Dla Borussii Dortmund miniony sezon był z pewnością jednym z najdziwniejszych w historii. Z jednej strony dortmundczycy niemal kompletnie zawalili ligę. Zajęli dopiero piąte miejsce w tabeli i do Ligi Mistrzów weszli tylko dzięki nowemu formatowi tych rozgrywek i dodatkowemu miejscu dla ligi niemieckiej z uwagi na ranking UEFA.
W Lidze Mistrzów piękna, w Bundeslidze zaś szkarada. Jednak ten bonus dla Bundesligi to w bardzo dużej mierze dzieło samej Borussii. Zespół Edina Terzića doszedł bowiem aż do finału minionej edycji Champions League, gdzie zatrzymał ich dopiero Real Madryt (0:2).
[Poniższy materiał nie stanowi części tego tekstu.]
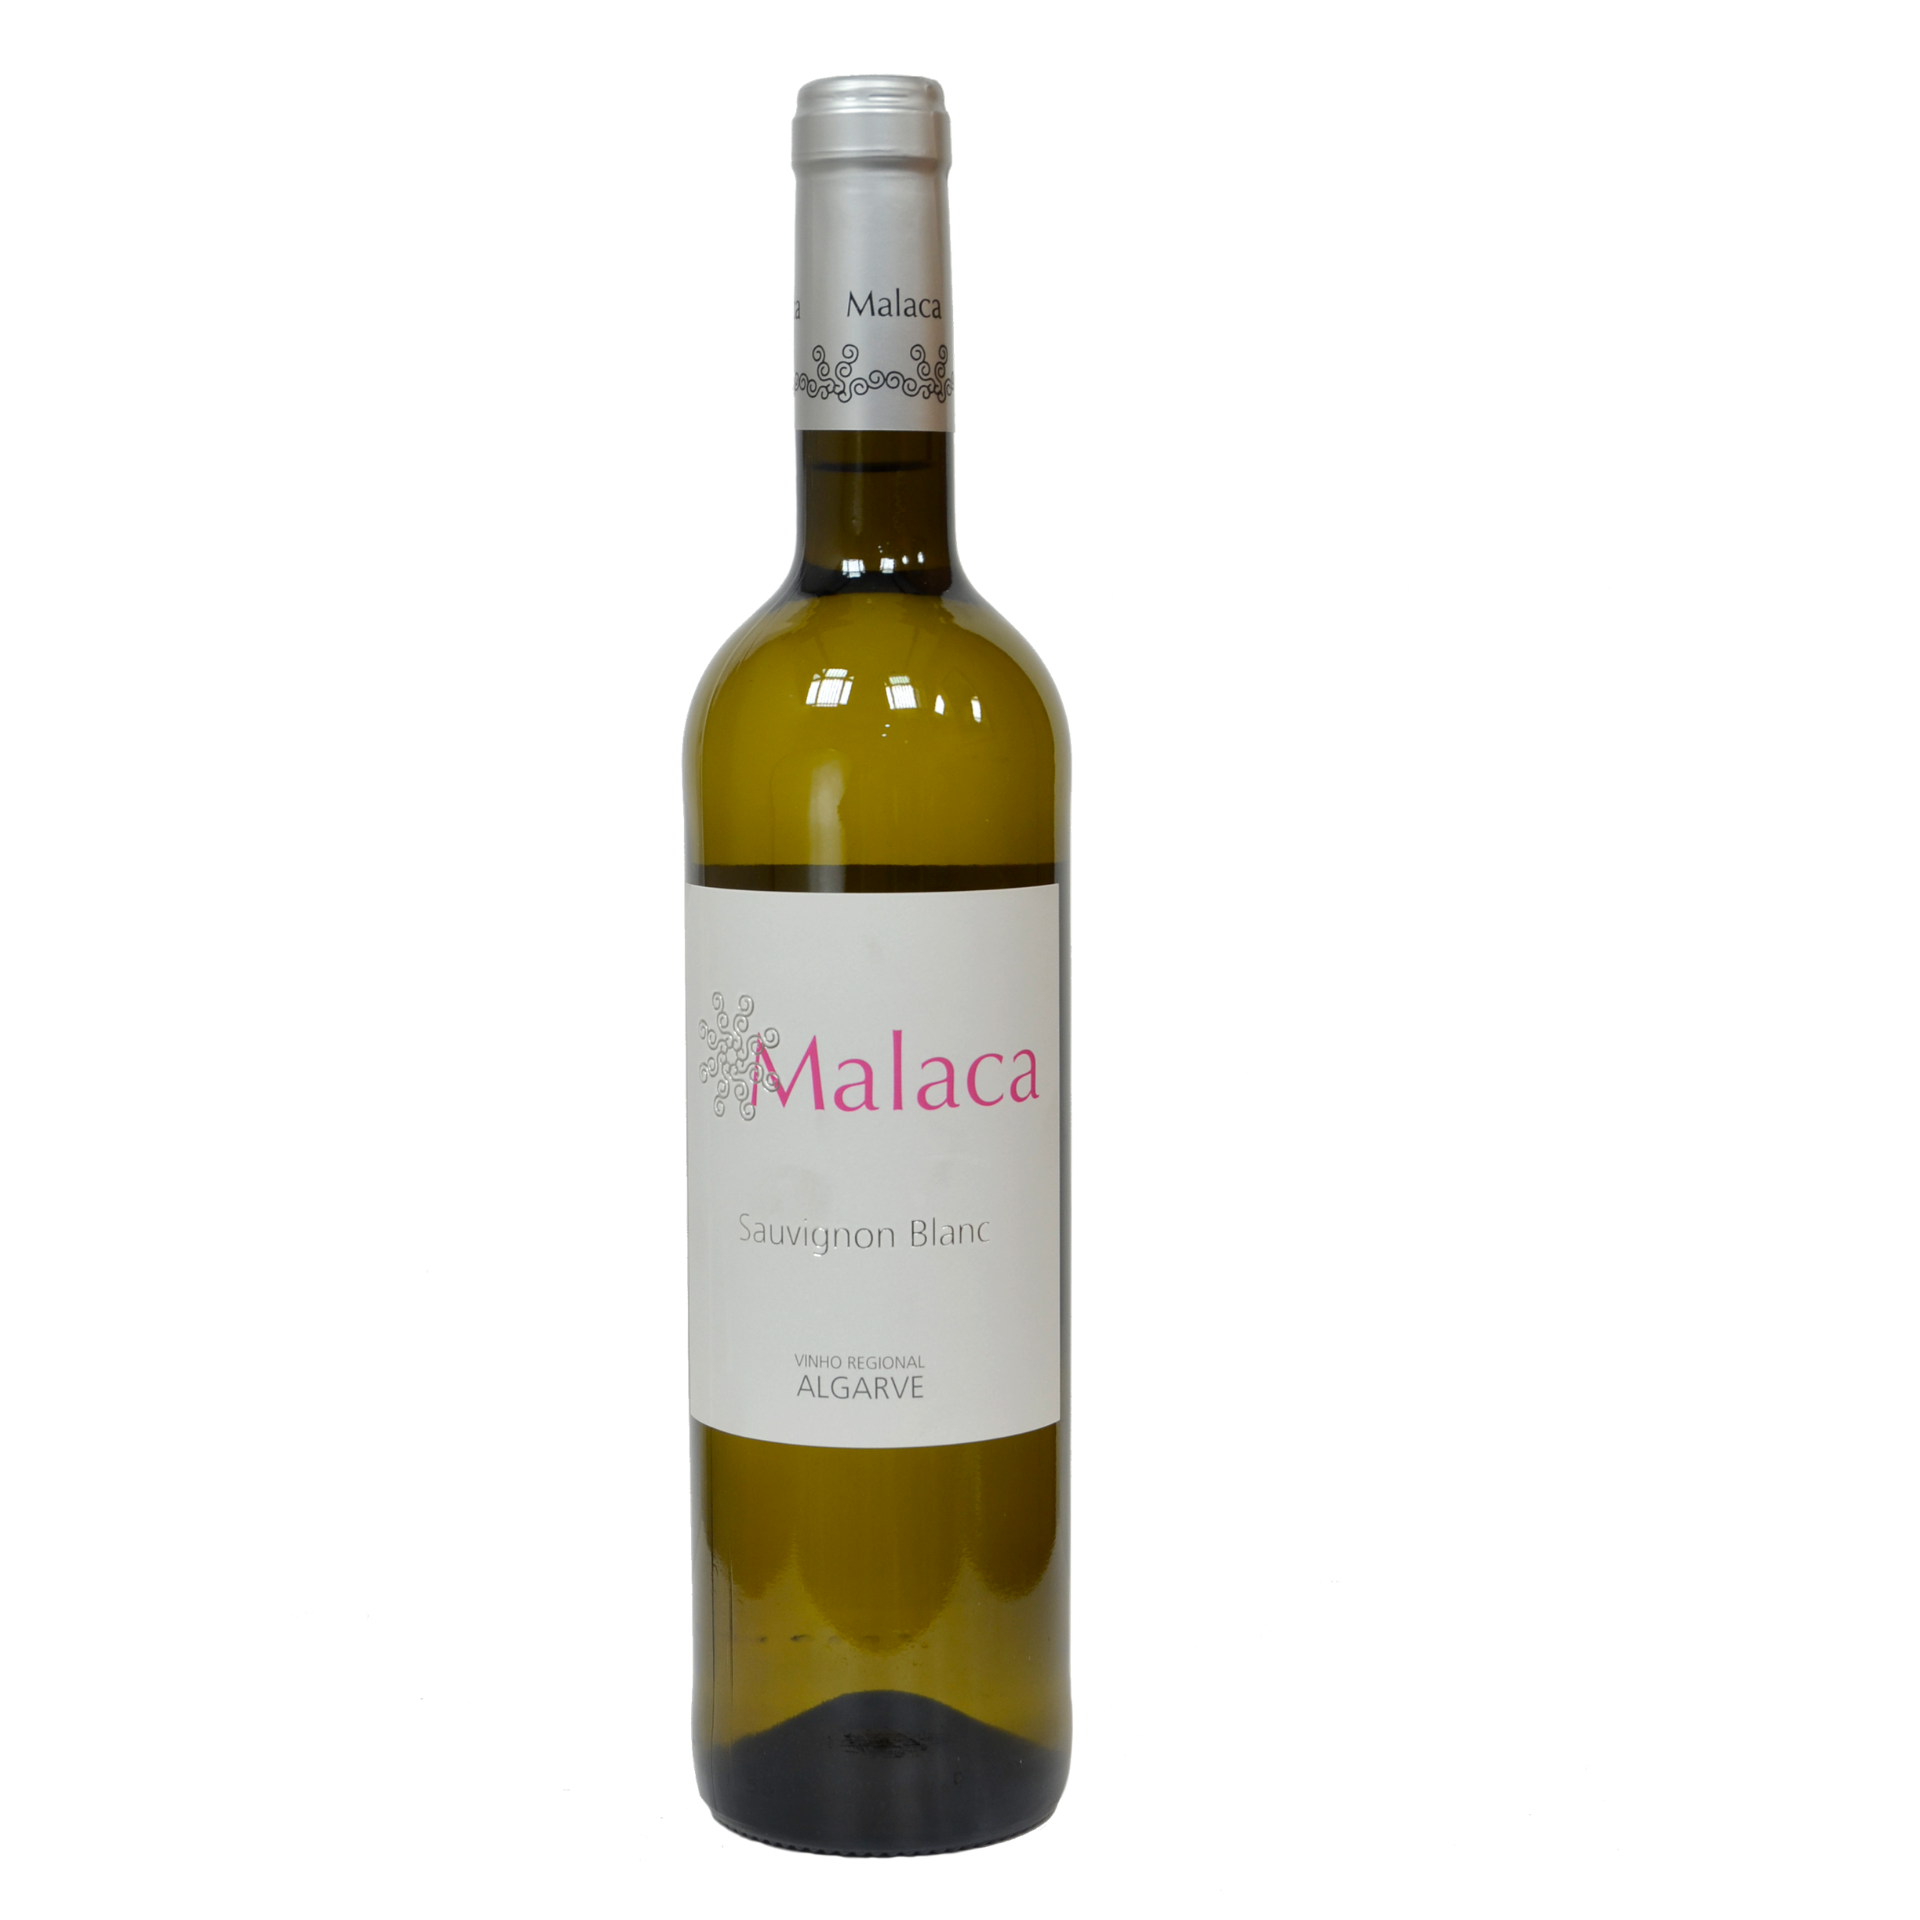 Malaca – Sauvignon Blanc – Branco 2018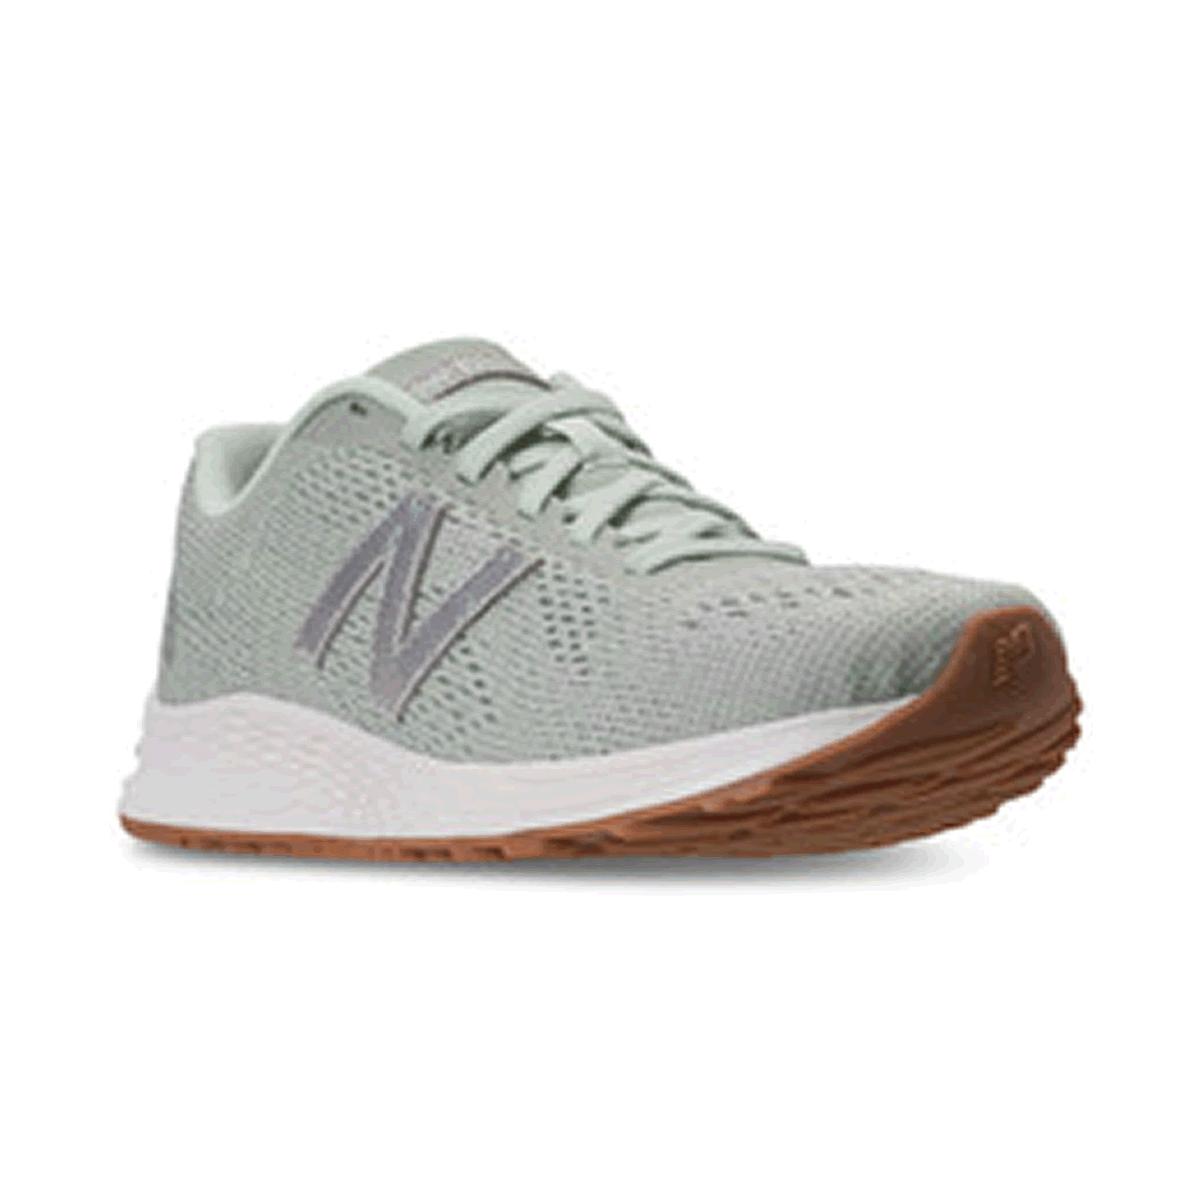 Nike G Series 6 B Red Slide Slip On Walking Shopping Chic Athleisure Comfort

Drużyna z Dortmundu potrafiła więc jednego dnia wyrzucić z LM Paris Saint-Germain i to wygrywając oba mecze. Zaś zupełnie innego dostawali łomot od Mainz (0:3) czy Hoffenheim (2:3) w Bundeslidze.
Wielu ekspertów twierdziło, że mimo znakomitej kampanii w Lidze Mistrzów, Edin Terzić powinien pożegnać się z pracą. Pojawiały się też regularne doniesienia o jego konfliktach z doświadczonymi graczami jak Marco Reus czy Mats Hummels. Zarząd postanowił jednak kontynuować tę współpracę i wydawało się, że Niemiec pozostanie na stanowisku. Aż do teraz.
Nagła dymisja Terzića. Borussia przyjmuje rezygnację! Czwartkowe popołudnie 13 czerwca spuściło bowiem absolutną bombę na dotychczasowy stan rzeczy. Dziennikarz niemieckiego oddziału Sky Sport Patrick Berger podał na Twitterze, że Edin Terzić podał się do dymisji ze stanowiska szkoleniowca Borussii i trwa właśnie spotkanie dotyczące jego przyszłości. Wszystko to potwierdziło się nieco ponad pół godziny później.
Dortmundczycy oficjalnie poinformowali, że dymisja niemieckiego szkoleniowca została przyjęta podczas jego wspomnianego spotkania z zarządem. Kontrakt został rozwiązany ze skutkiem natychmiastowym. Zgodnie z doniesieniami dziennika BILD, nowym szkoleniowcem BVB może zostać Nuri Sahin, który od początku roku pracował jako asystent Terzića, a wcześniej samodzielnie prowadził turecki Antalyaspor (śr. 1,49 pkt na mecz w 92 spotkaniach).